§ **ASSIGNMENT**:
When you transcribe the listing that follows, keep every line exact and omit the pictures.

COLLECTED MATERIAL START

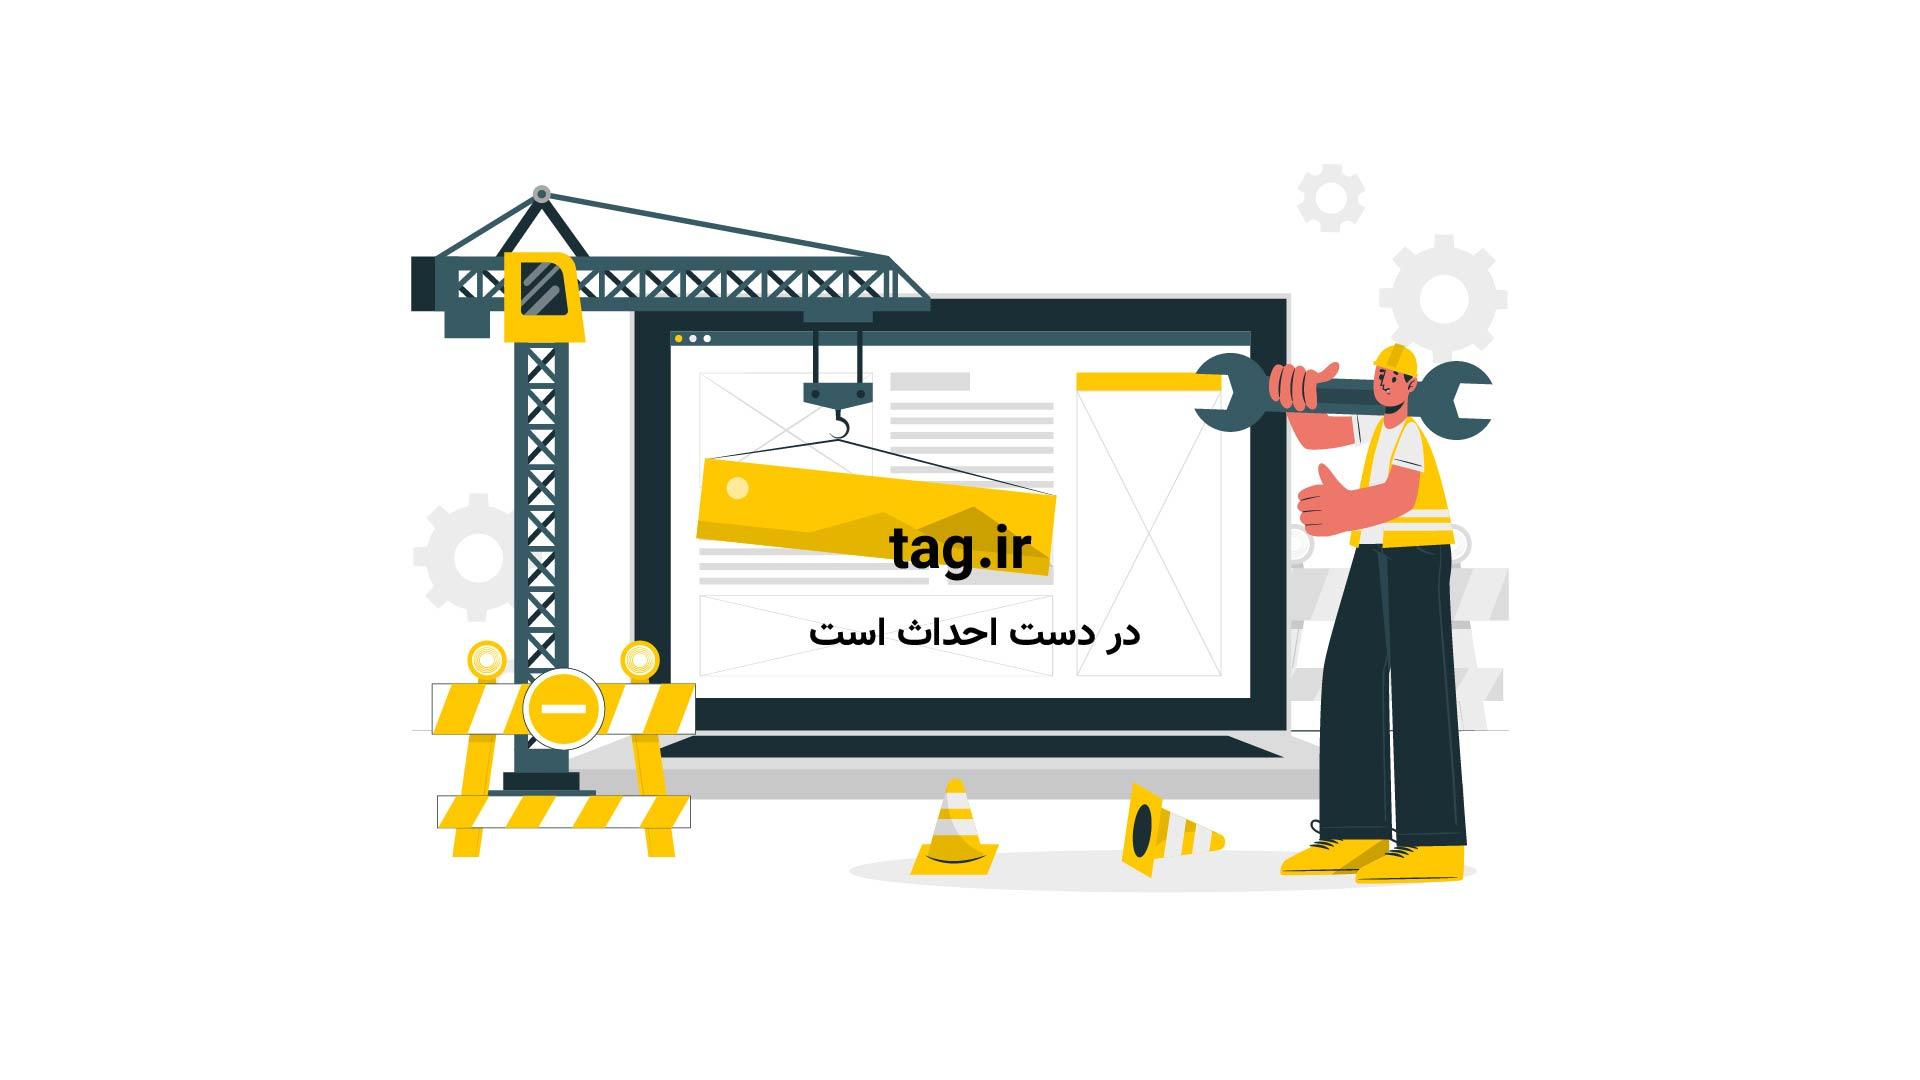 همزیستی جالب شیر، خرس و پلنگ در کنار هم | فیلم
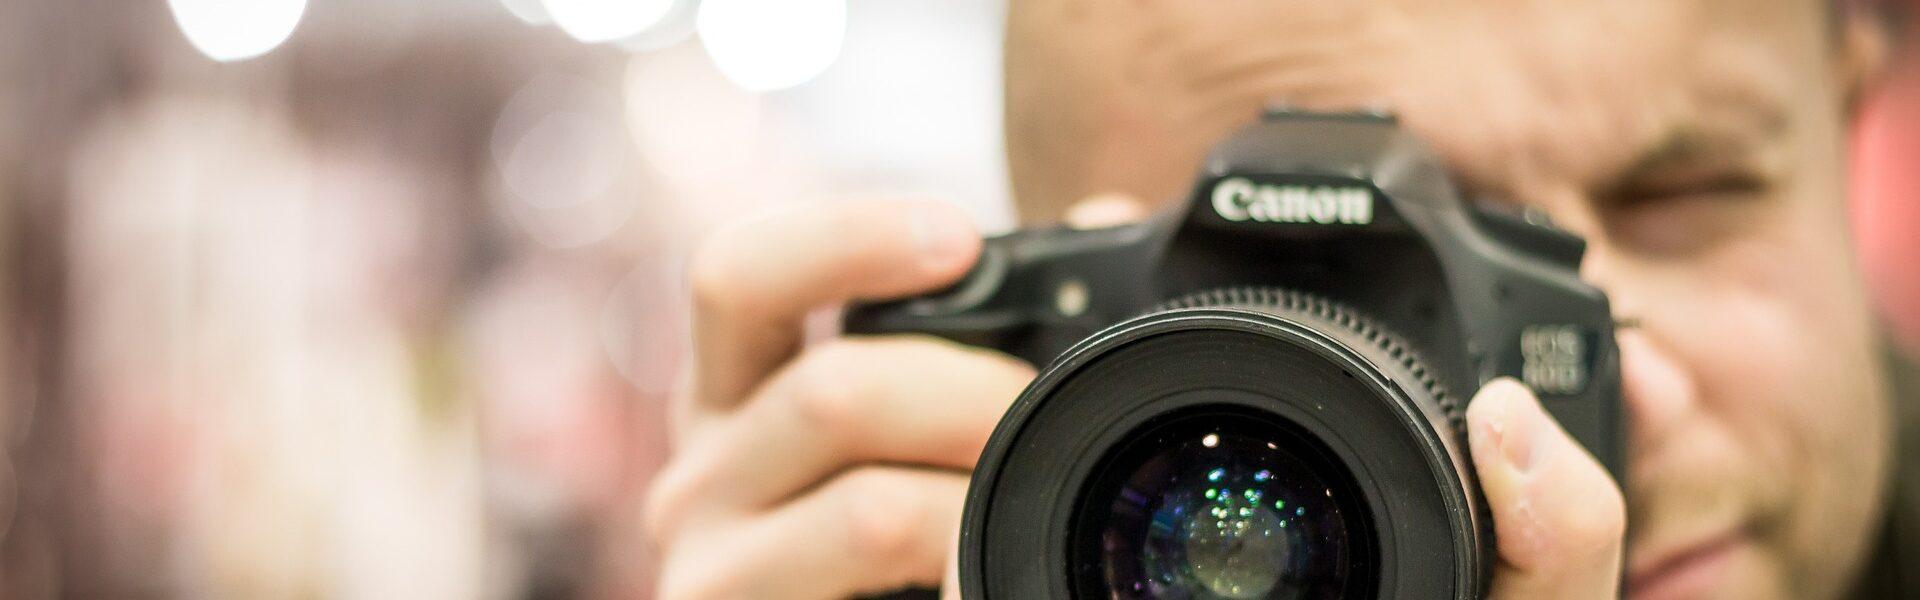 Formation Photoshop en ligne - Formation Photoshop à distance
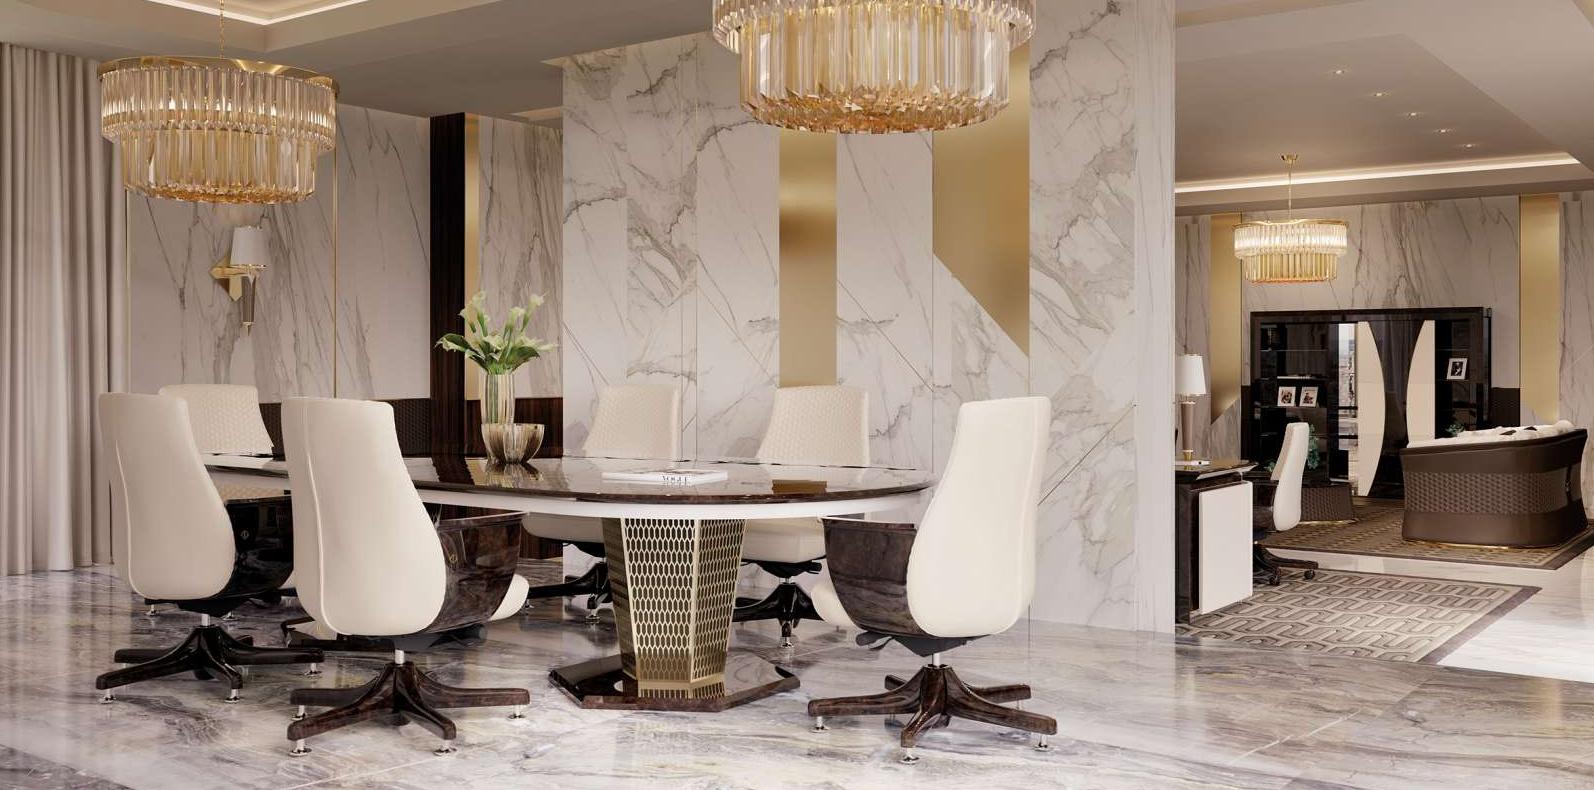 Turri为你量身打造奢华细腻的古典家具

COLLECTED MATERIAL END

§ **FINAL ANSWER**:
 همزیستی جالب شیر، خرس و پلنگ در کنار هم | فیلم
 Formation Photoshop en ligne - Formation Photoshop à distance
 Turri为你量身打造奢华细腻的古典家具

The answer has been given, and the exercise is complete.